Language & Generative AI›Extra· 35 min read

Retrieval-Augmented Generation (RAG): Grounding AI on Your Data

RAG fetches the right facts first and hands them to the LLM, so its answer is based on your documents — not just its training.

What you will learn

Explain why RAG reduces hallucinations
Describe the retrieve-then-generate pipeline
Define embeddings, vector search and a vector database

The problem RAG solves

From the last two lessons you know two limits of LLMs: they hallucinate, and they only know what was in their training data (so nothing recent and nothing private — like your company handbook). Retrieval-Augmented Generation (RAG) fixes both, and it is how most real AI products actually work.
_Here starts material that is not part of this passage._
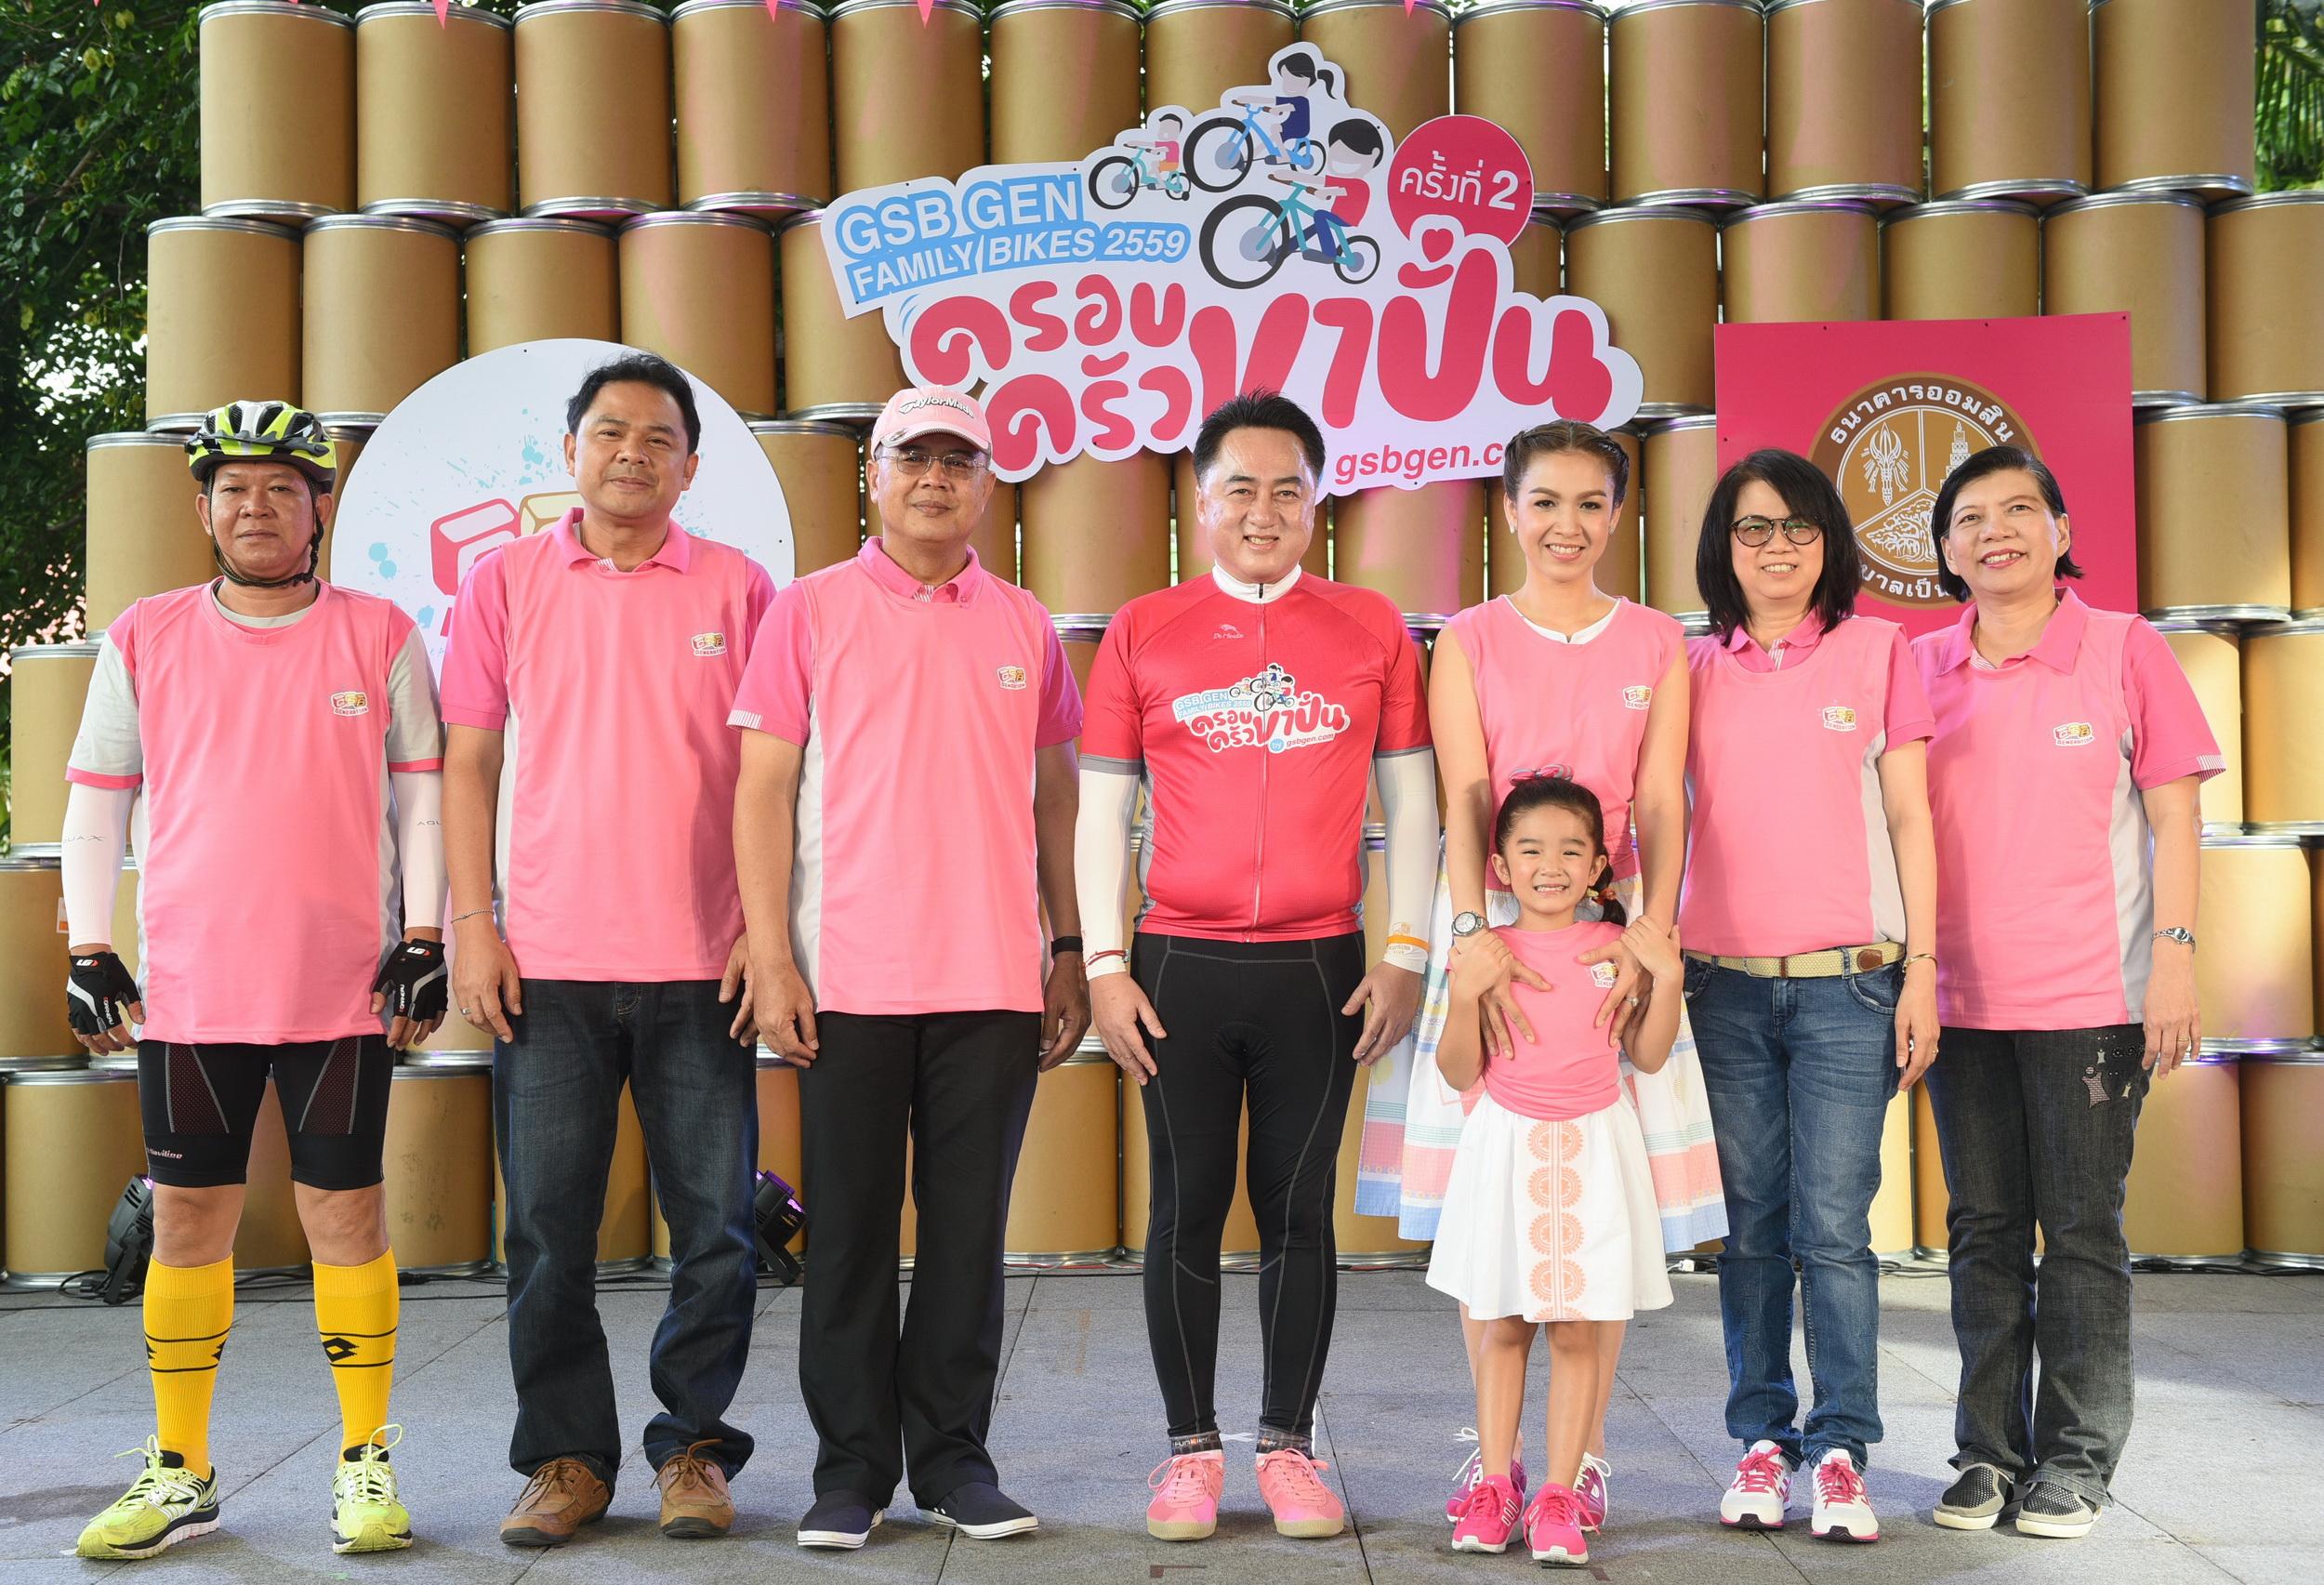 ร่วมเปิดงาน GSB GEN FAMILY BIKES 2559 ครั้งที่ 2

The idea in one line: find the relevant facts first, then ask the LLM to answer using them. Instead of relying on the model’s memory, you hand it the source text in the prompt.

The RAG pipeline

Prepare your documents (once): split them into small chunks and turn each chunk into an embedding (a vector of numbers capturing its meaning, from the NLP lesson). Store these in a vector database.
On a question: turn the question into an embedding too.
Retrieve: use vector search to find the chunks whose embeddings are closest to the question’s — i.e. the most relevant passages.
Augment: paste those chunks into the prompt as context.
Generate: ask the LLM to answer using only that context.

Retrieve relevant chunks, paste them in, then let the LLM answer

# RAG in pseudo-code (the shape of every RAG system)
question = "What is our refund window?"

chunks = vector_db.search(question, top_k=3)   # 1-3) retrieve relevant text

prompt = f'''Answer using ONLY the context below.
Context:
{chunks}

Question: {question}'''                          # 4) augment

answer = llm.generate(prompt)                    # 5) generate
print(answer)

Note: Output: Our refund window is 30 days from purchase. (per the company handbook) The model did not “know” the refund policy — it was never trained on it. RAG retrieved the handbook chunk and put it in the prompt, so the answer is grounded in your real document.

The new words, simply

Term	Plain meaning
Embedding	A list of numbers representing a piece of text’s meaning
Vector database	A store that holds embeddings and finds the closest ones fast
Vector search	Finding the chunks most similar in meaning to the question
Chunk	A small slice of a document (e.g. a paragraph)
Grounding	Basing the answer on supplied facts rather than the model’s memory

Notice RAG reuses the embeddings idea straight from the NLP lesson: “closest meaning” is just “closest vectors”, the same distance maths that put king near queen.

Watch out: RAG does not retrain the model and does not change its weights. It only changes the prompt — by inserting retrieved facts at question time. That is why you can update your knowledge base instantly without any new training.

Tip: Why teams love RAG: it grounds answers in your up-to-date, private data, cuts hallucinations (the facts are right there in the prompt), and lets the AI cite its source — all without the cost of training a model.

Q. How does RAG reduce hallucinations and add fresh knowledge?

Answer: RAG retrieves the most relevant chunks (via vector search over embeddings) and puts them in the prompt. The LLM then answers from those grounded facts — no retraining needed.

✍️ Practice

Write the 5-step RAG pipeline from memory in your own words.
For a cooking-recipes assistant, name what the documents, the chunks, and a typical question would be.

🏠 Homework

Describe one task at your school or workplace where RAG (answering from your own documents) would beat a plain chatbot, and say why.